PET llamas at a show farm which attracts thousands of visitors a year were victims of the foot-and-mouth epidemic this week.

More than 1,400 sheep, five cattle, two pigs, three llamas, 12 goats and three deer were among the pet animals destroyed by Maff officials at Hall Hill farm, near Lanchester.

But farm spokesman Ann Darlington has vowed to reopen the farm and spoke of her gratitude to the people of the area who had offered support.

She said: "We are all absolutely devastated by what has happened. The llamas were our family pets as well.

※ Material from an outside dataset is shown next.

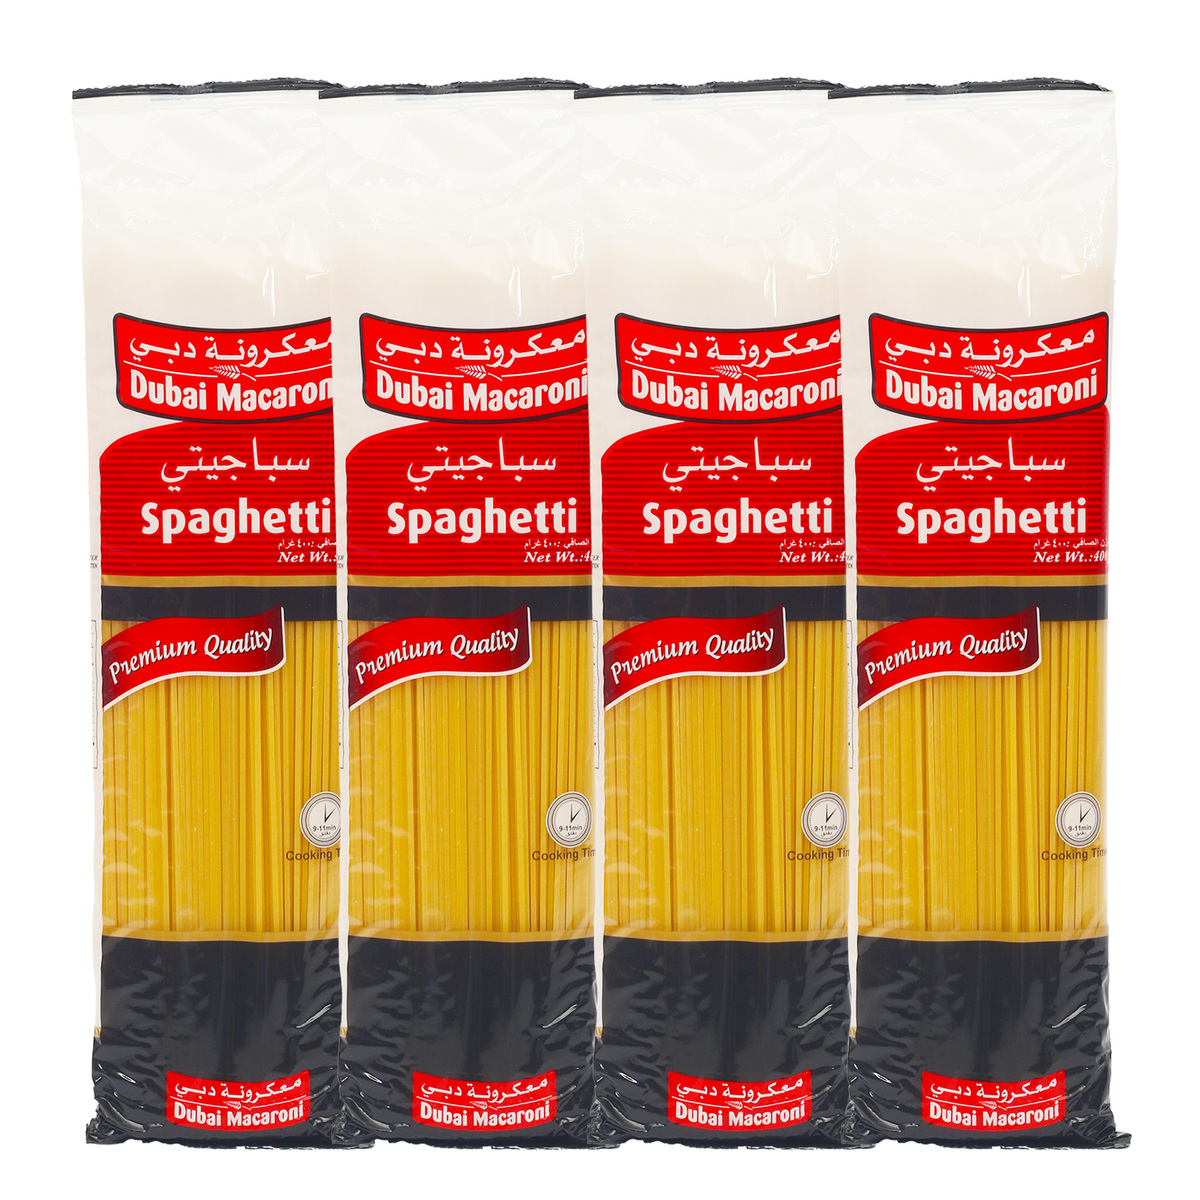 Dubai Macaroni Spaghetti Pasta Value Pack 4 x 400 g

"Thankfully we still have our horses, donkeys, rabbits and ducks which are among the favourites of the children. Some children have been in touch and have been upset. Some of them had adopted the animals and we haven't been able to write to them yet.

"We have been overwhelmed by the kind responses we've had and it is helping us to look on the bright side. We definitely want to re-open but the advice we've had is so conflicting it is hard to know when we might be able to do that."

Hall Hill, which has been in the Gibson family for three generations, is run by David Gibson with help from his father Jack.

In 1981, Jack and Mrs Darlington, his daughter, opened the farm to the public and the number of visitors has grown to more than 50,000 last year.

The farm built up a collection of chickens, lambs, pigs, donkeys, ponies, rabbits, deer and Highland cattle, as well as the llamas which were big hits with the children.

Mrs Darlington said: "Two of the neighbouring farms had the disease and we were still hoping we cold avoid it. But on Tuesday morning the vets were called in and they confirmed the disease on the spot."

She explained that her parents were still confined to the farm.